(Data block)
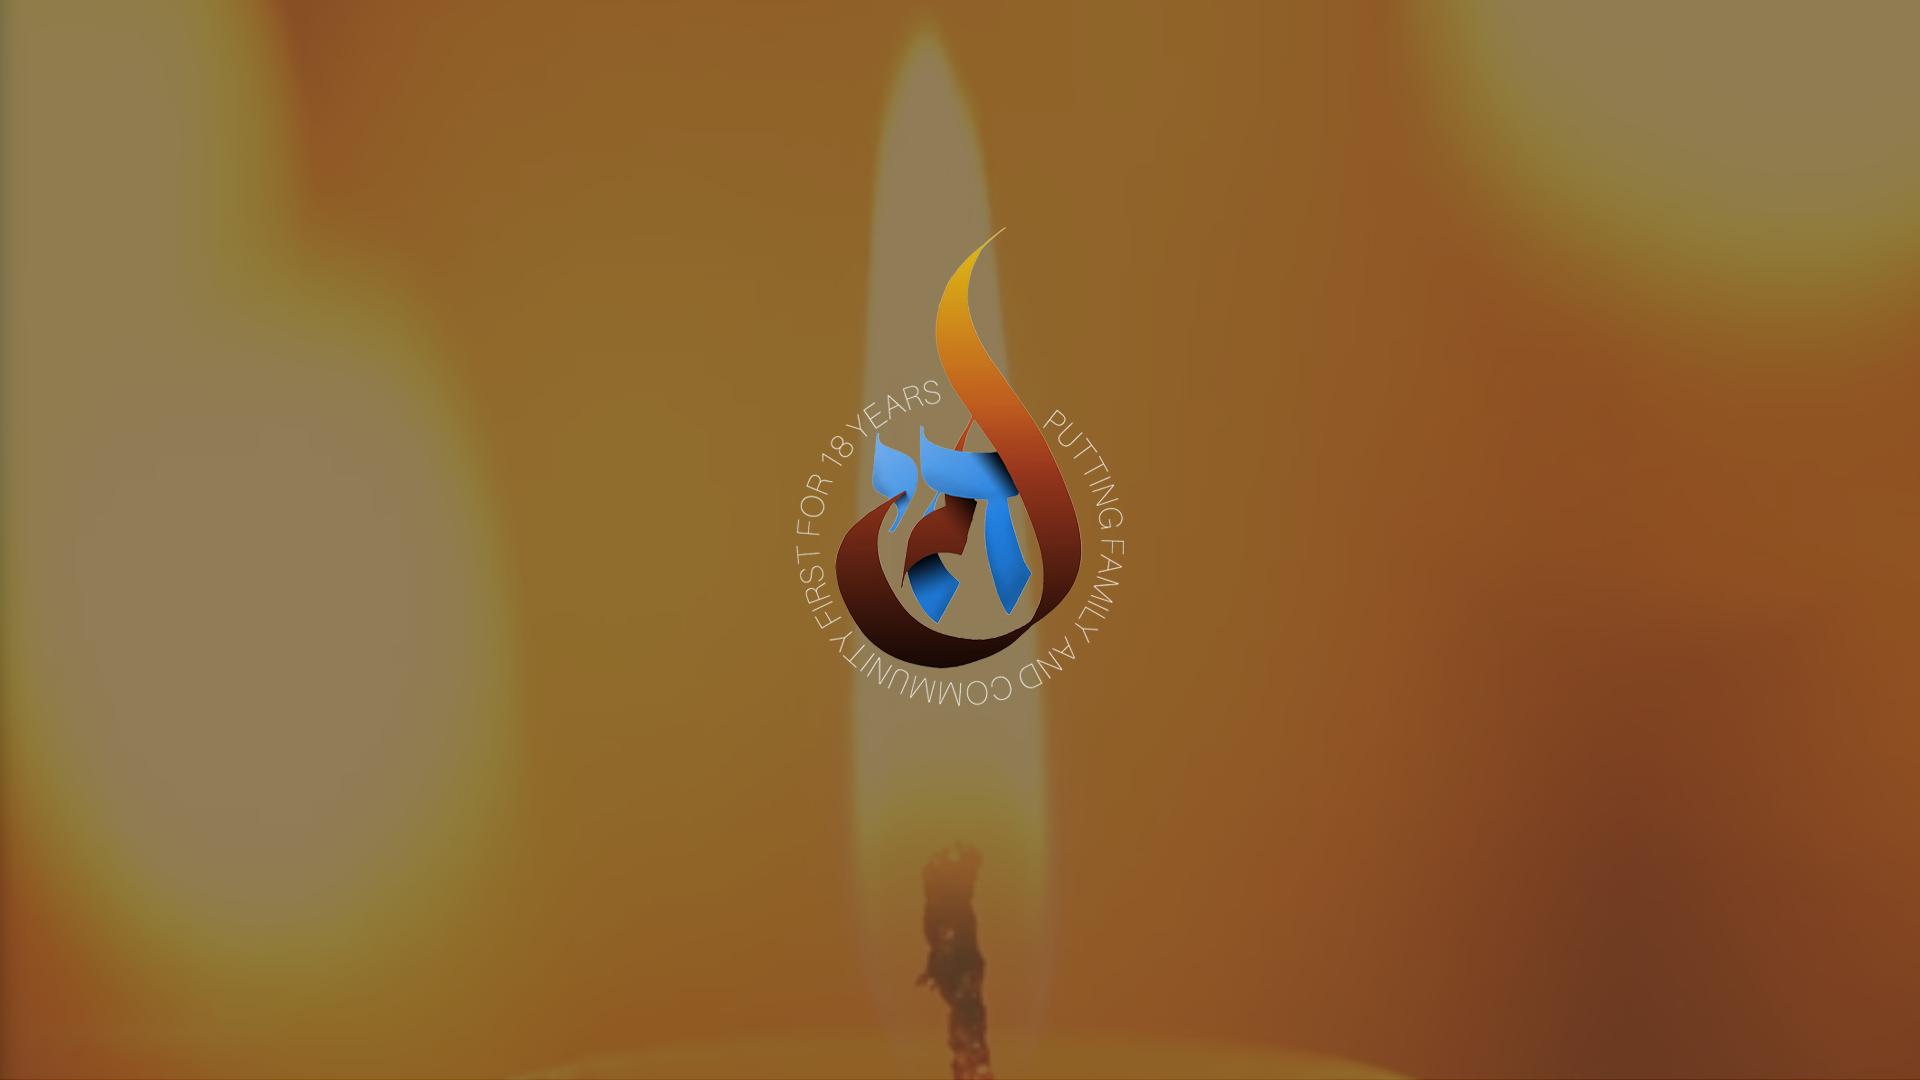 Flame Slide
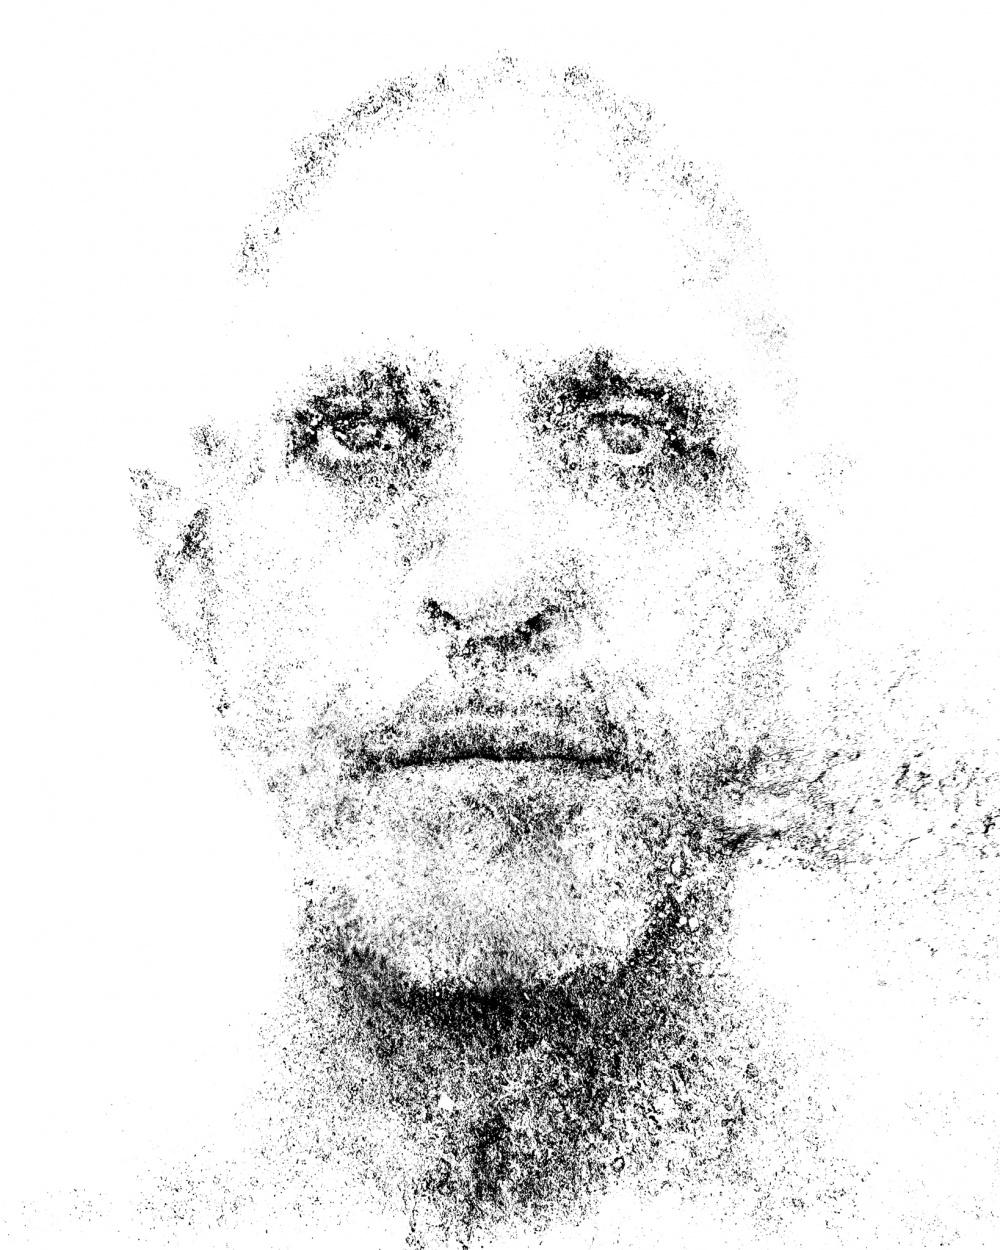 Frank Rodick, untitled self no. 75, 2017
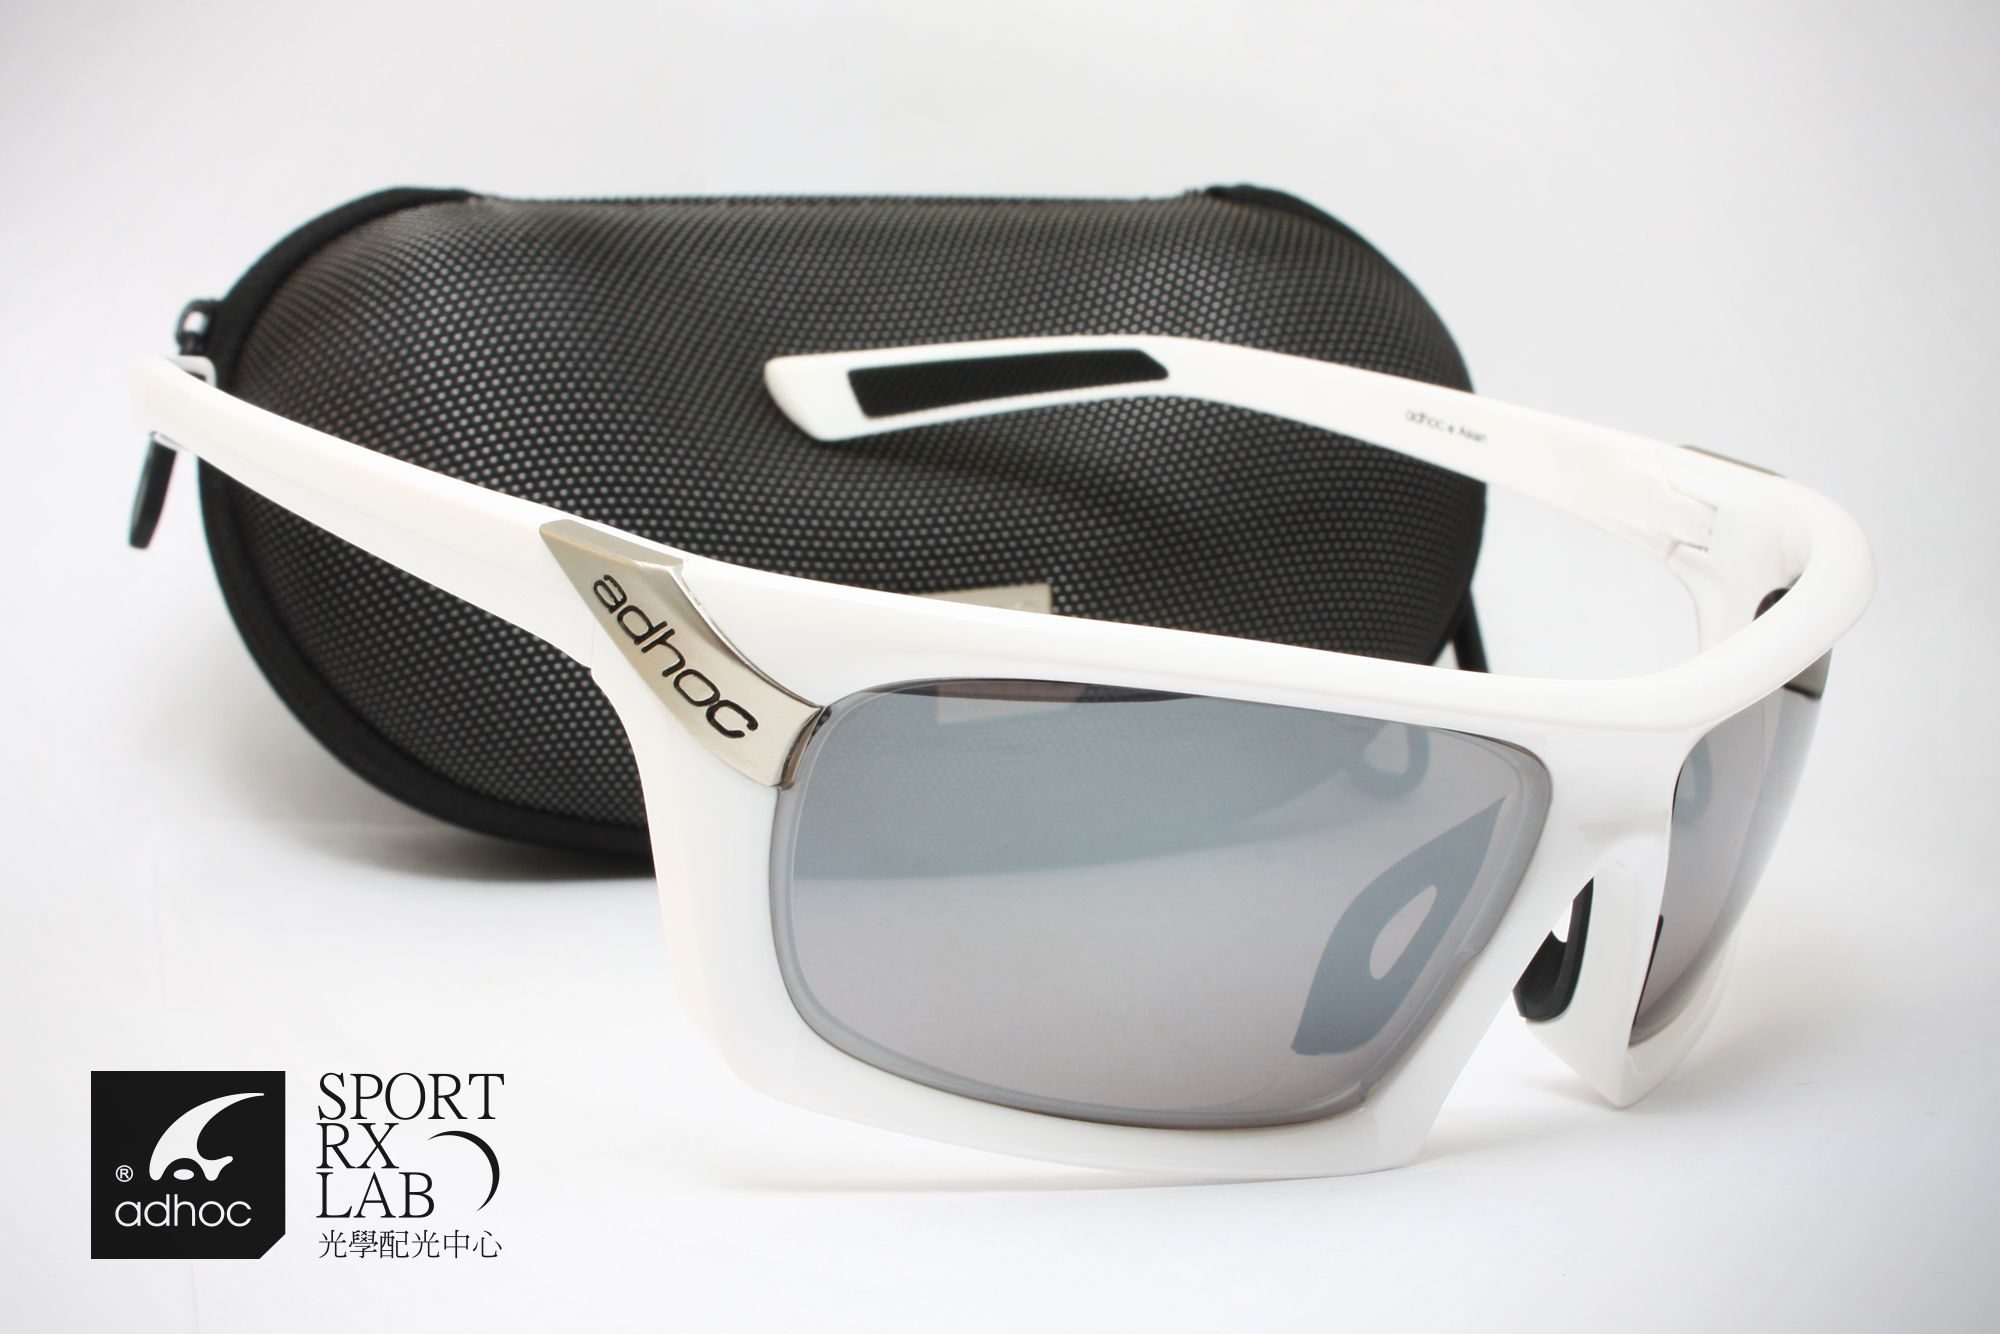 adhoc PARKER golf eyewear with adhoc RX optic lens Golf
(End Data block)
** What is needed **
Repeat the material exactly as it reads, without any of its pictures.

** Exercise solution **
 Flame Slide
 Frank Rodick, untitled self no. 75, 2017
 adhoc PARKER golf eyewear with adhoc RX optic lens Golf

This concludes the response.